A magazine publisher surveyed readers on their overall satisfaction and a number of quality aspects. Their data can be downloaded from magazine.sav.
Now, when working with real world data, the first thing you want to do are some basic data checks. This tutorial walks you through. The actual regression analysis on the prepared data is covered in the next tutorial.
Check for User Missing Values and Coding
We'll first check if we need to set any user missing values. A solid approach here is to run frequency tables while showing values as well as value labels.
set tnumbers both tvars both.
*Check for user missing values.
frequencies satov to sat9.
Set User Missing Values
We learn two things from our frequency tables. First, all variables are positively coded: higher values correspond to more positive attitudes. If this is not the case, an easy way to fix it is presented in SPSS Recode Values with Value Labels.
Second, we need to set 6 as a user missing value for our quality aspects. We'll do so with the syntax below. We'll take a look at our frequency distributions as well.
missing values sat1 to sat9 (6).
*Check coding and distributions.
frequencies satov to sat9/format notable/histogram.
Our histograms don't show anything alarming except that many variables have rather low variances. This tends to result in rather limited correlations as we'll see in a minute.
Inspect Missing Values per Case
We'll now inspect how our missing values are distributed over cases with the syntax below.
compute mis1 = nmiss(satov to sat9).
variable labels mis1 "Number of (system or user) missings over satov to sat9".

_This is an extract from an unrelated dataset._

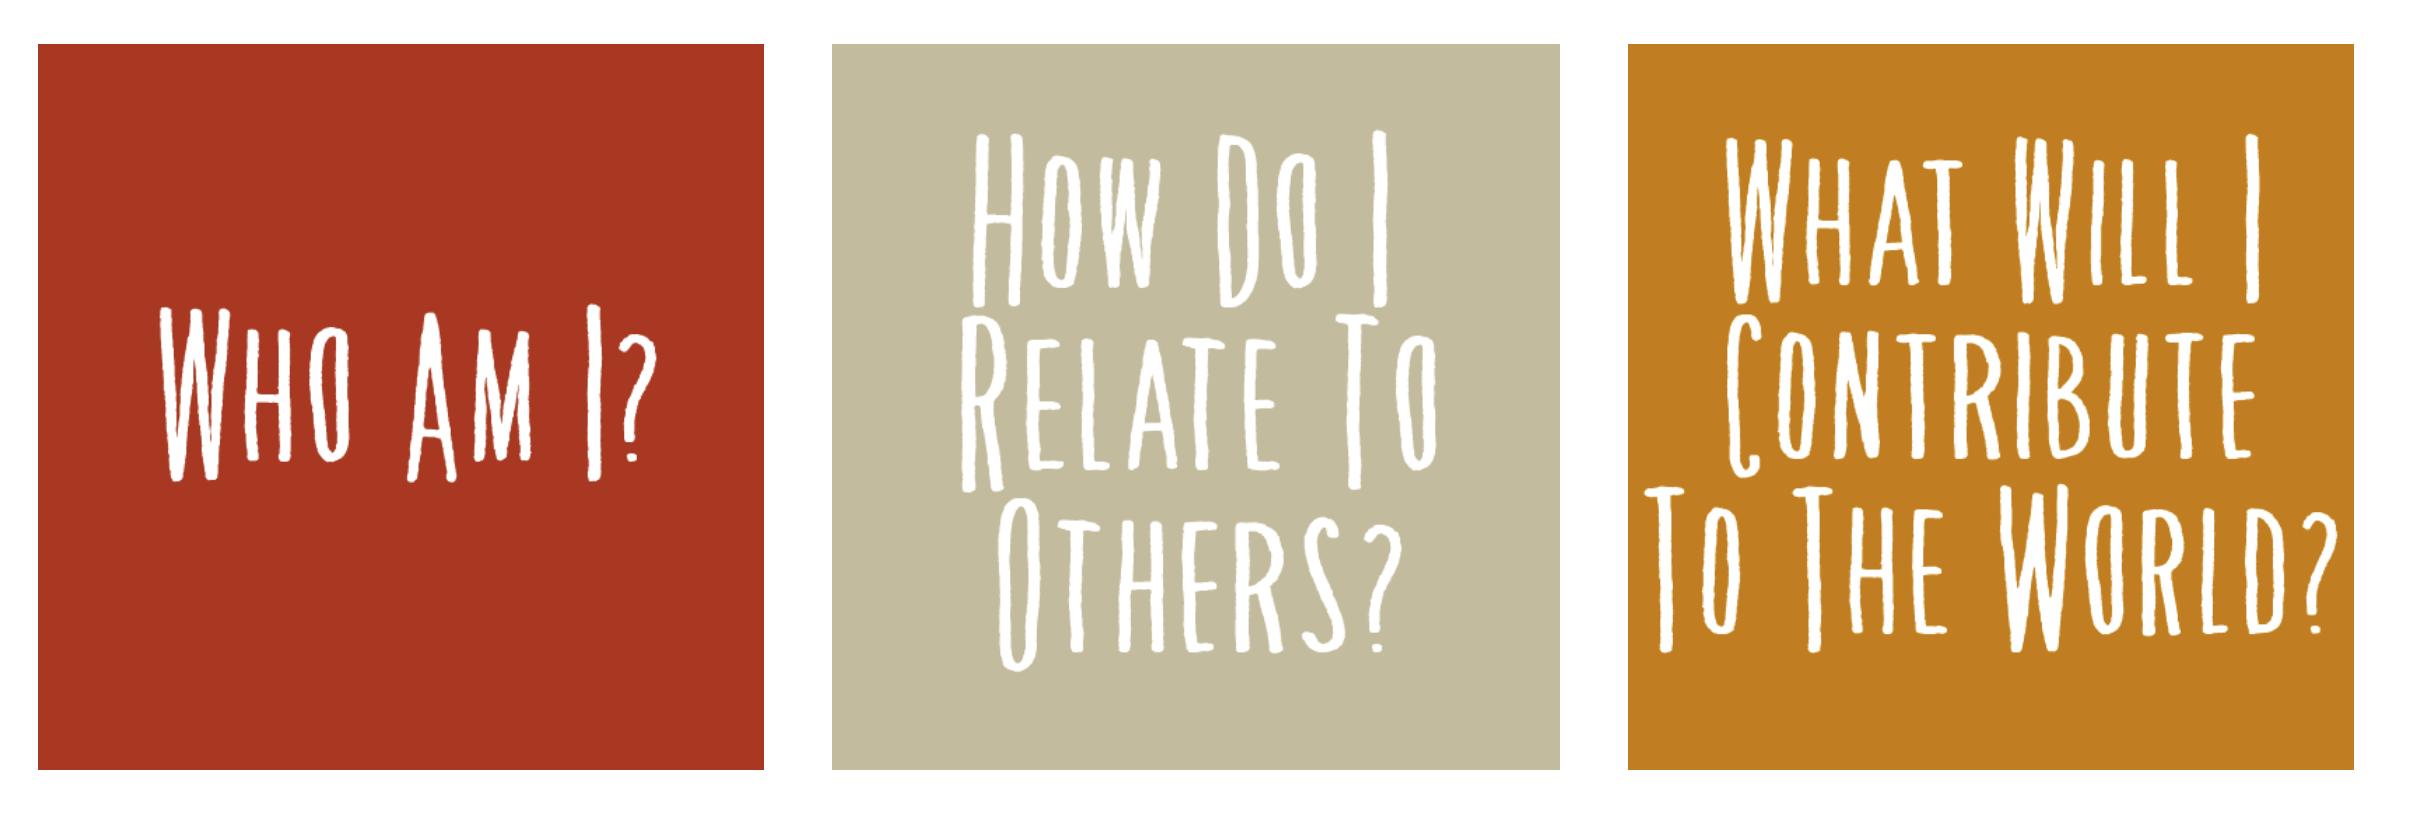 ミレニアム・スクールで生徒が向き合う3つの大きな問い (出典:ミレニアム・スクールウェブサイト)

Cases with many missing values may complicate analyses and we find them suspicious. But then again, we'd like to use as much of our data as possible. If we don't allow any missings, we'll lose 19% of our sample. We therefore decide to exclude only cases with 4 or more missing values.
Filter Out Cases with 4 or More Missings
compute filt1 = (mis1 <= 3).
variable labels filt1 "Filter for 3 or fewer missings over satov to sat9".
*Switch on filter and check.
filter by filt1.
Inspect Missing Values per Variable
We'll also take a look at how missings are distributed over our variables: do all variables have a sufficient number of valid values or do we need to exclude one or more variables from our analyses?
descriptives satov to sat9.
None of our variables seems problematic. The lowest N is seen for sat6 (reliability of information). Perhaps our respondents found this aspect hard to judge.
Inspect Pearson Correlations
Last but not least, we want to make sure our correlations look plausible. We'll take a quick look at the entire correlation matrix.
correlations satov to sat9.
*Save edited data file for regression.
save outfile 'magazine_reg.sav'.
Things to watch out for are correlations in the “wrong” direction (positive where negative would make sense or reversely). This may result from some variables being positively coded and others negatively but we already saw that's not the case with our data.
Less common but very problematic are correlations close or equal to -1 or 1 which can result from (nearly) duplicate variables. This is not an issue here either.
We're now good to go for our regression analysis. Since we created a filter variable, we'll save our data as magazine_reg.sav. We'll use this file as input for our next tutorial.